8.9: Getting more complex: gene regulation in eukaryotes

At this point, we will not take very much time to go into how gene expression in particular, and polypeptide synthesis in general differ between prokaryotes and eukaryotes except to point out a few of the major differences, some of which we will return to, but most will be relevant only in more specialized courses. The first and most obvious difference is the presence of a nucleus, a distinct domain within the eukaryotic cell that separates the cell’s genetic material, its DNA, from the cytoplasm. The barrier between nuclear interior and cytoplasm is known as the nuclear envelope (no such barrier exists in prokaryotic cells, the DNA is in direct contact with the cytoplasm.) The nuclear envelope consists of two lipid bilayer membranes punctuated by nuclear pores, macromolecular complexes (protein machines). While molecules of molecular weight less than ~40,000 daltons can generally pass through the nuclear pore, larger molecules must be actively transported, that is, in a process that is coupled to a thermodynamically favorable reaction, in this case the hydrolysis of guanosine triphosphate (GTP) rather than ATP. The movement of larger molecules into and out of the nucleus through nuclear pores is regulated by what are known as nuclear localization and nuclear export sequences, located withinin polypeptides. These are recognized by proteins (receptors) associated with the pore complex. A protein with an active nuclear localization sequence (NLS) will be found in the nucleus while a protein with an active nuclear exclusion sequence (NES) will be in the cytoplasm. By controlling NLS and NES activity a protein can come to accumulate in a regulated manner in either the nucleus or the cytoplasm. .As we will see later on the nuclear envelope breakdowns occurs during cell division (mitosis) in many but not all eukaryotes. Tears in the nuclear envelope have also been been found to occur when migrating cells trying to squeeze through small openings²⁴³. Once the integrity of the nuclear envelop is re-established, proteins with NLS and NES sequences move back to their appropriate location within the cell.

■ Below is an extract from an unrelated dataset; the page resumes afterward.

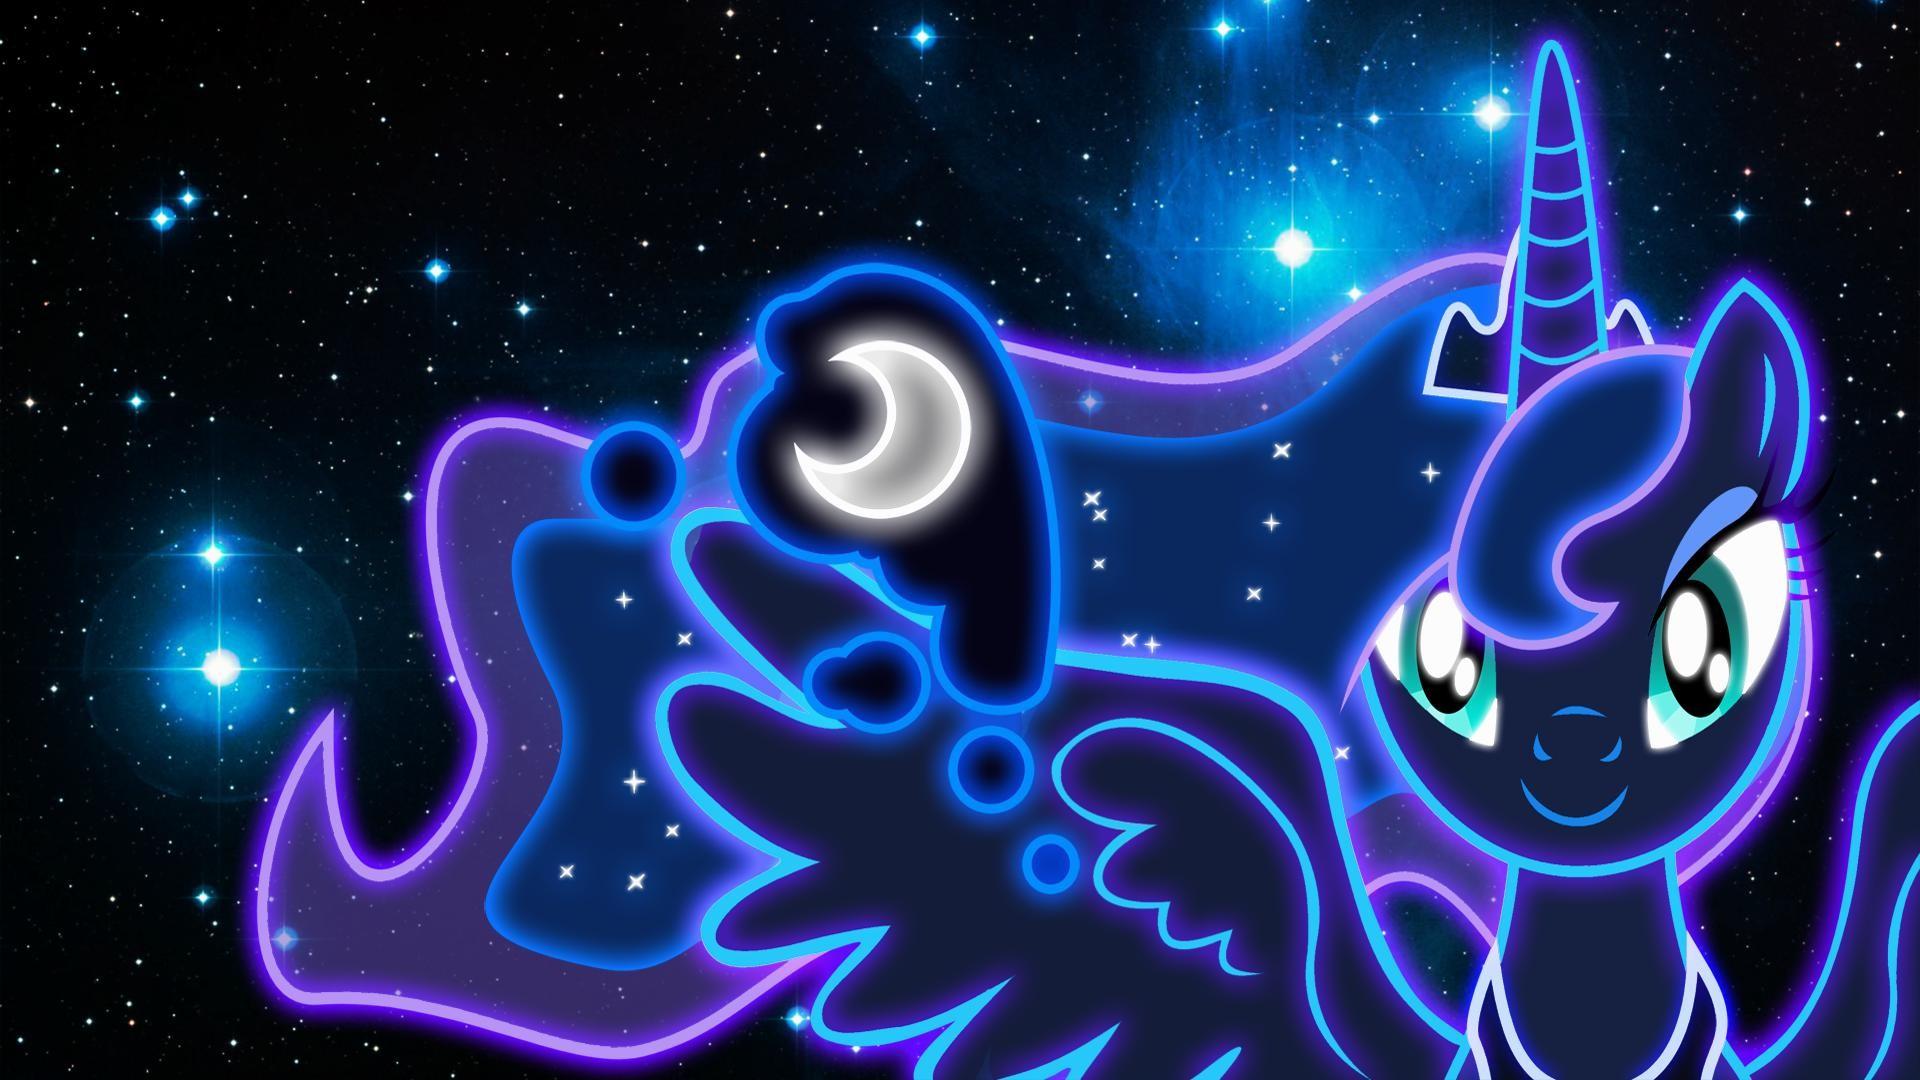 Neon-princess-luna-wallpaper-HD

Aside from those within mitochondria and chloroplasts, the DNA molecules of eukaryotic cells are located within the nucleus. One difference between eukaryotic and bacterial genes is that the transcribed region of eukaryotic genes often contains what are known as intervening sequences or introns; introns involve sequences that do not encode a polypeptide. After an RNA is synthesized introns are removed enzymatically, resulting in a shorter mRNA. As a point of interest, which sequences are removed can be regulated, this can produce multiple different mRNAs from the same gene, mRNAs that encode somewhat (and often functionally) different polypeptides. In addition to removing introns, the mRNA is further modified (processed) at both its 5’ and 3’ ends. Only after RNA processing has occurred is the now “mature” mRNA exported out of the nucleus, through a nuclear pore, into the cytoplas where it can interact with ribosomes. One further difference from bacteria is that the interaction between a mature mRNA and the small ribosomal subunit involves the formation of a complex in which the 5’ and 3’ ends of the mRNA are brought together into a circle. The important point here is that unlike the situation in bacteria, where mRNA is synthesized into the cytoplasm and so can immediately interact with ribosomes and begin translation (even before the synthesis of the RNA is finished) transcription and translation are distinct processes in eukaryotes.This makes the generation of multiple, functionally distinct RNAs (through mRNA processing) from a single gene possible and leads to significantly greater complexity from only a relatively small increase in the number of genes.